Policies and Procedures
The DOL Fiduciary Rule requires that investment advisers establish, maintain and enforce written policies and procedures designed to ensure compliance with the Impartial Conduct Standards. The investment adviser’s policies and procedures are required to mitigate conflicts of interest to the extent that a reasonable person reviewing the policies and procedures and incentive practices as a whole would conclude that they do not create an incentive for the investment adviser or its investment professionals to place their interest ahead of the Retirement Investor. In addition, the policies and procedures should address how to document rollover recommendations, consistent with the requirements detailed above.
Periodic Review of Policies and Procedures
Investment advisers must periodically and reasonably review their policies and procedures and revise them as necessary to ensure that the policies and procedures continue to satisfy the conditions of the DOL Fiduciary Rule.
The DOL Fiduciary Rule requires investment advisers to conduct a retrospective review, at least annually, that is reasonably designed to assist the investment adviser in detecting and preventing violations of, and achieving compliance with, the Impartial Conduct Standards and the policies and procedures governing compliance with the DOL Fiduciary Rule.
The methodology and results of the retrospective review must be reduced to a written report that is provided to one of the investment adviser’s Senior Executive Officers (CEO, President, CCO). That officer is required to certify annually that:
The officer has reviewed the report of the retrospective review;
The investment adviser has in place policies and procedures prudently designed to achieve compliance with the conditions of this exemption; and
The investment adviser has in place a prudent process to modify such policies and procedures as business, regulatory and legislative changes and events dictate, and to test the effectiveness of the policies and procedures on a periodic basis, the timing and extent of which is reasonably designed to ensure continuing compliance with the conditions of this exemption.
This retrospective review, report and certification must be completed no later than six months following the end of the period covered by the review. Investment advisers are required to retain the report, certification, and supporting data for a period of six years.

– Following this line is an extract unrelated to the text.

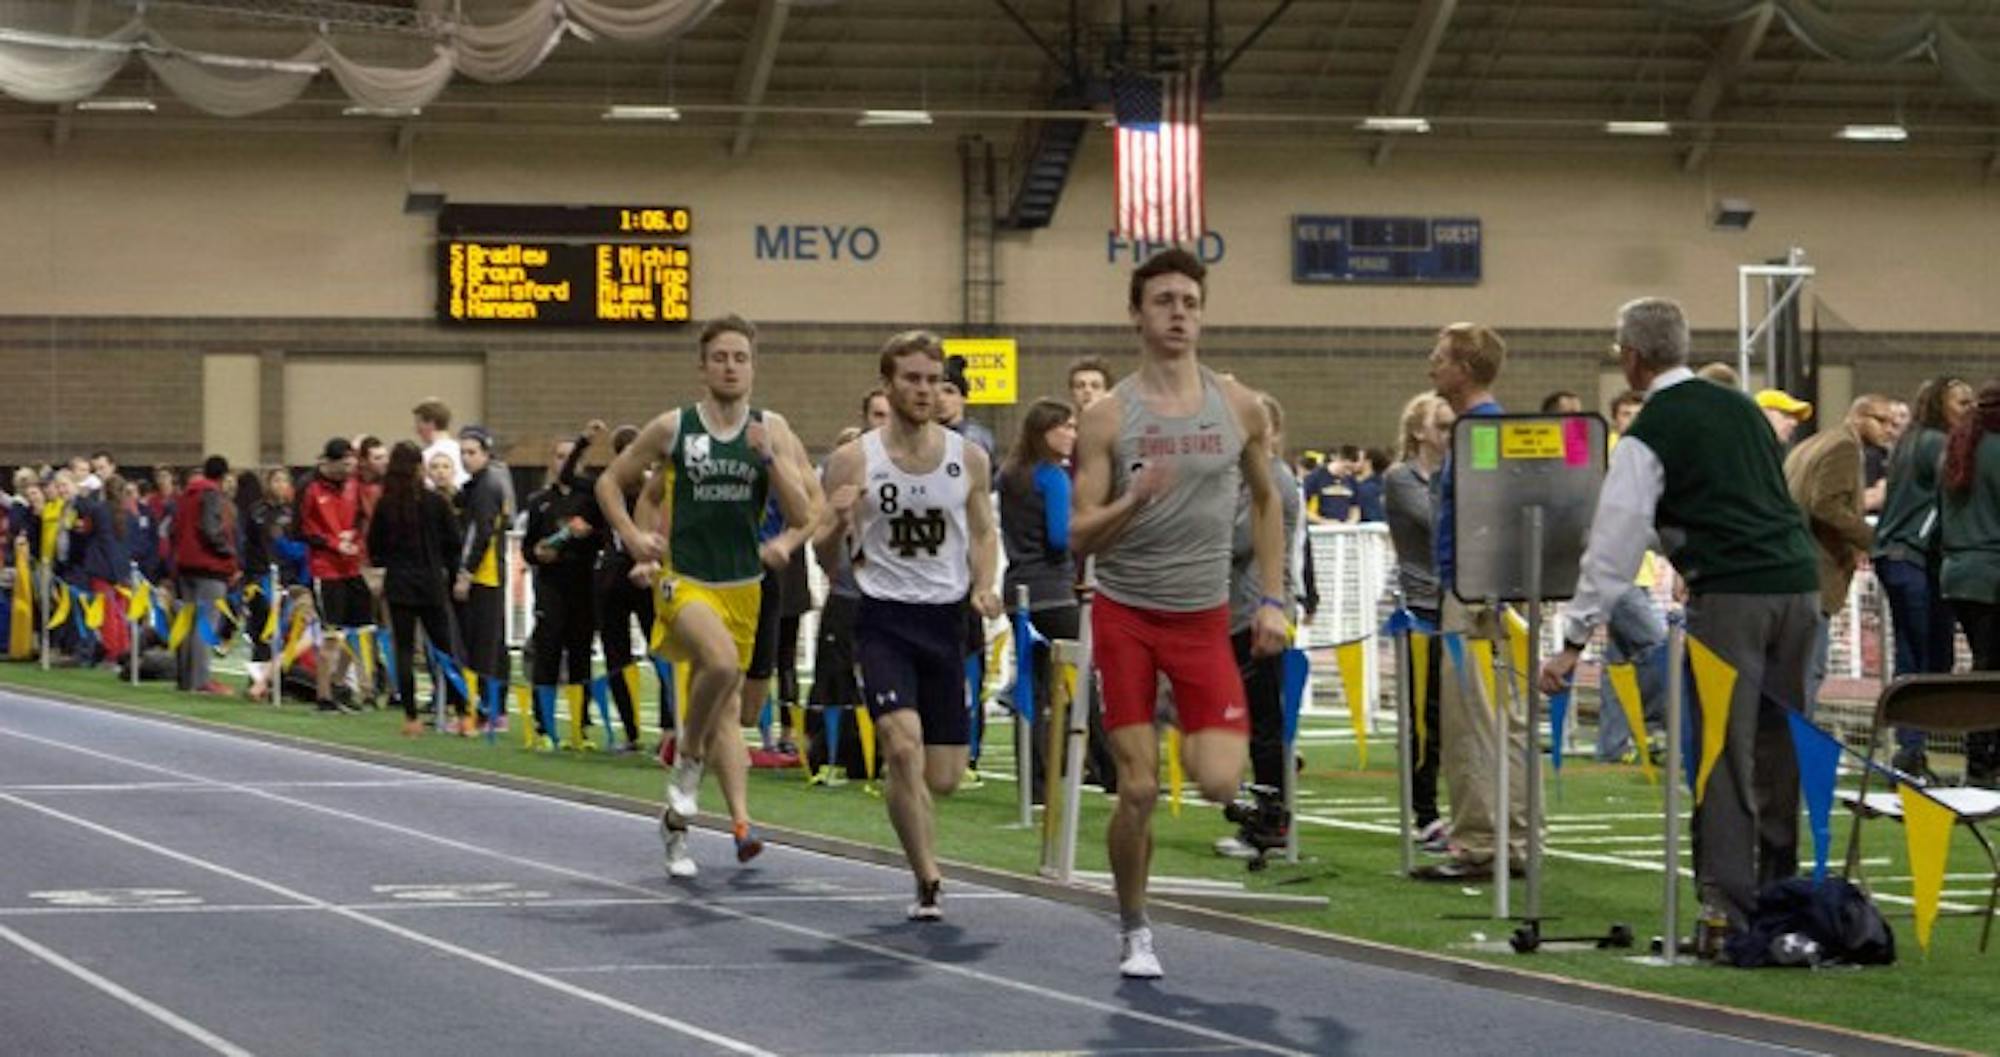 Irish sophomore Kirk Hansen sets his sights on the runner ahead of him during the 800-meter run at the Meyo Invitational on Feb. 6 at Loftus Sports Center. Hansen finished in 17th place in the event.

The DOL Fiduciary Rule also provides self-correction procedures. Specifically, a non-exempt prohibited transaction will not have occurred due to a violation of the DOL Fiduciary Rule’s conditions, provided:
Either the violation did not result in investment losses to the Retirement Investor or the investment adviser made the Retirement Investor whole for any resulting losses;
The investment adviser corrects the violation and notifies the DOL via email at [email protected] within 30 days of the correction;
The correction occurs no later than 90 days after the investment adviser learned of the violation or reasonably should have learned of the violation; and
The investment adviser notifies the persons responsible for conducting the retrospective review during the applicable review cycle, and the violation correction is specifically set forth in the written report of the retrospective review.
Pursuant to the provisions of the DOL Fiduciary Rule, there are circumstances under which an investment adviser or its investment professionals will become ineligible to rely on the DOL Fiduciary Rule for a period of 10 years. The grounds for ineligibility involve certain criminal convictions or certain egregious conduct with respect to compliance with the DOL Fiduciary Rule.
Investment advisers must maintain records for six years demonstrating compliance with the DOL Fiduciary Rule.